In comparison (since you mentioned horrible interfaces), how about
something simple like returning a float followed by a pipe followed by
an integer list separated by commas and parsing it into a
std::pair<float,vector<int> > myPair;  Also, I might be wrong on some
of the regex syntax, it has been a *long* time since I ever touched
regex inside a program (ever since I started using boost::spirit, only
use it for grep and its kin anymore), but it should get the idea
across.  I use this regex for each of the things below:
  std::string regexStr("(-?\\d+(?:\\.\\d*)?)\\|(-?\\d+)*(?:\\,(-?\\d+))");
// I hope this is correct...
  std::string testStr("3.14|1,2,3,42,128");

The "(-?\\d+(?:\\.\\d*)?)\\|(-?\\d+)*(?:\\,(-?\\d+))" does not check
that the checked integer fits inside an int, does not account for
overflow (I could set a max repeat as well, but that still means it
will be too short to fit, or could overflow) for note...

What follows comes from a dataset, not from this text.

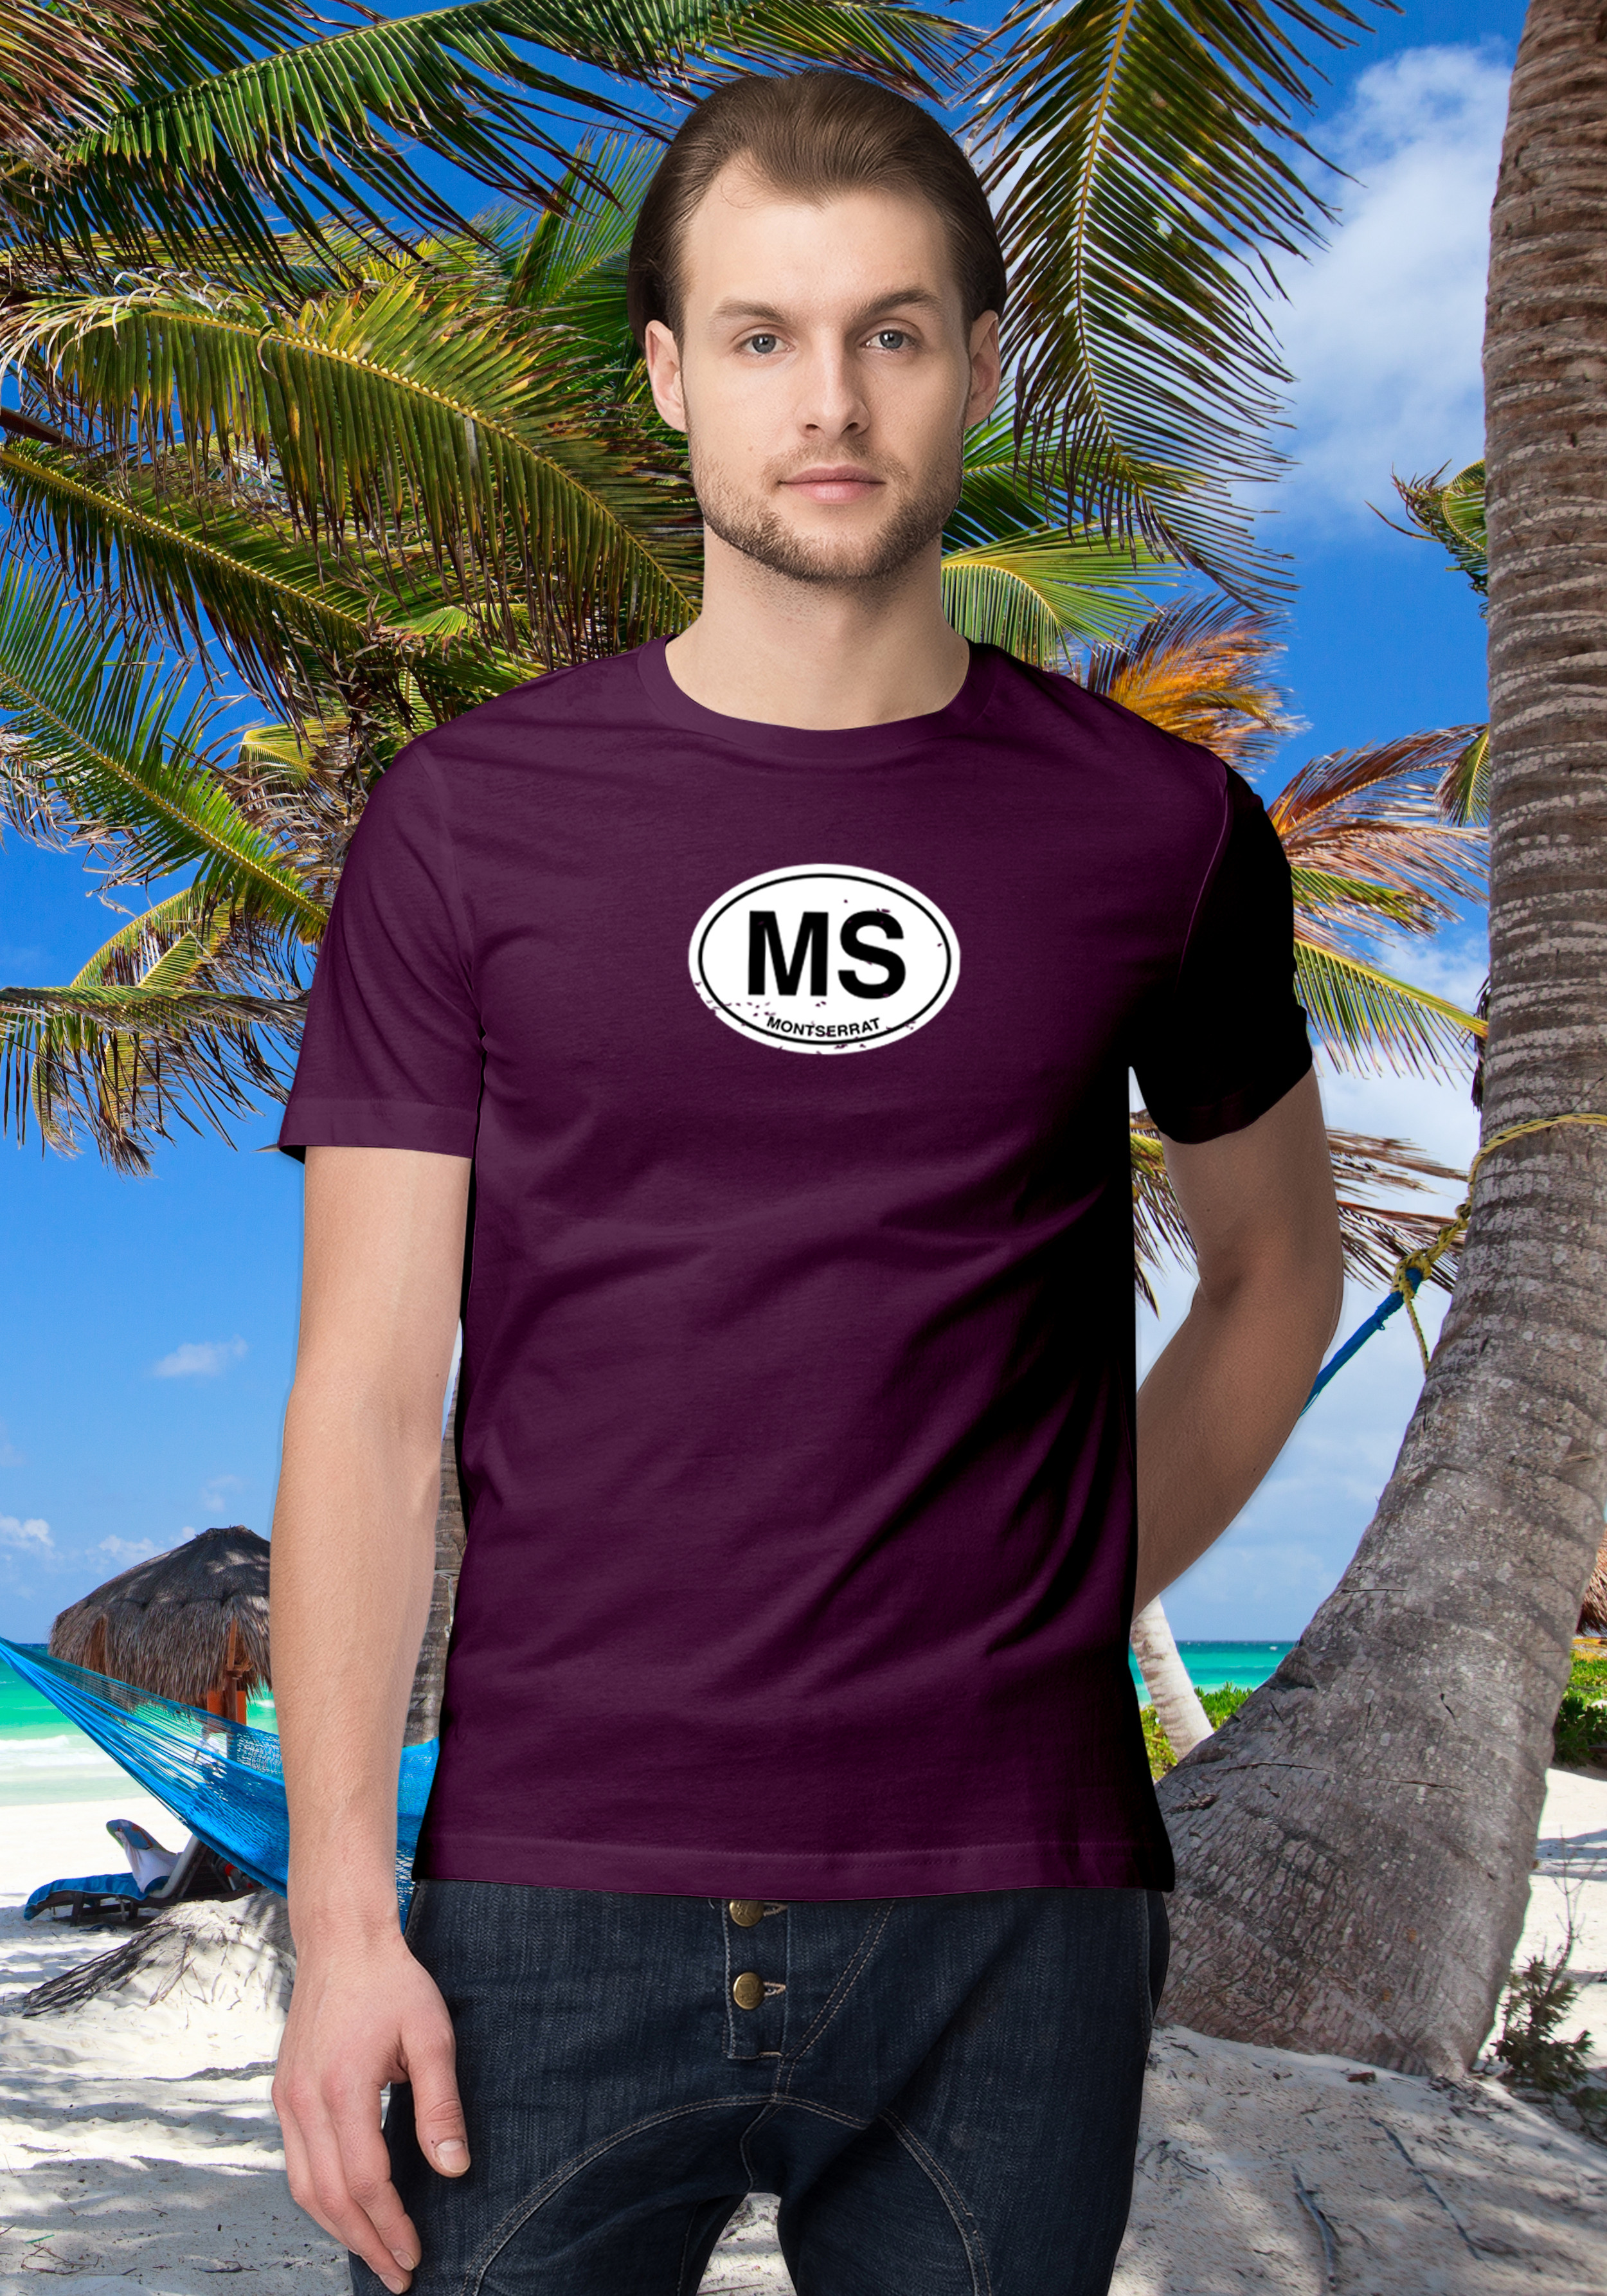 Montserrat Men's Classic T-Shirt Souvenirs - My Destination Location

regexec/or_whatever_in_regex.h_that_is_*nix_only (*nix standard, not
anywhere else):  // dynamic regex, so it is slow in comparison to
other alternatives
  I have no clue how use this one, to be honest, I do not know the
syntax, if anyone else could show me how for this example?  I doubt it
would be any shorter or faster to write (and especially to execute)
then the spirit example for note.

std/tr1/boost::regex (the C++ standard):  // dynamic regex, so it is
slow in comparison to other alternatives
bool parse_test(std::string &testStr, myPair &ret)
{
  match_results<IteratorType> m;
  regex e(regexStr);
  bool successful = regex_match(testStr.begin(),testStr.end(),m,e,match_extra);
  if(successful)
  {
    float f;
    vector<int> &i_list = myPair.second;
    f = atof(m[1].c_str());
    myPair.first=f;
    for(int i = 2; i < what.captures(2).size(); ++i)
    {
      i_list.push_back(atoi(m.captures(2)[i]));
    }
  }
  return successful;
}

boost::xpressive(dynamic): // this uses the same back-end as
std/tr1/boost::regex, except you can freely mix-n-match dynamic and
static xpressive regex's, so refer to std/tr1/boost::regex

boost::xpressive(static):  // This will be faster then all of the
above methods as the regex parse tree is created at compile-time
instead of run-time
bool parse_test(std::string &testStr, myPair &ret)
{
  sregex e = (s1=(!as_xpr('-')>>+_d>>!('.'>>*_d)))[ref(ret.first)=atof_adapt(s1)]
    >> '|'>> (s2=*_d)[push_back(ref(ret.second),atoi_adapt(s2))] >>
*(',' >> (s2=*_d)[push_back(ref(ret.second),atoi_adapt(s2))])
  bool successful = regex_match(testStr.begin(),testStr.end(),e,match_extra);
  return successful;
}

spirit::qi:  // This will be the fastest, quite literally no other
parser has got close to the execution speed that this one can parse at
for anything like this, and it is easy to write!
bool parse_test(std::string &testStr, myPair &ret)
{
  return parse(testStr.begin(),testStr.end(),
    float_ >> '|' >> int_%','
    ret);
}

And as stated, the spirit version will execute faster, is very easy to
write, is very readable, and has adapters so it can stuff into
everything from any stl container (or anything that supports insert or
push_back for containers) or any generic struct/class (thanks to
fusion), and it is simple to create new things to do just about
anything you want.
Even something as simple as
parse(testStr.begin(),testStr.end(),int_,myInt); it executes faster
then atoi.  And of course, you cannot beat the license.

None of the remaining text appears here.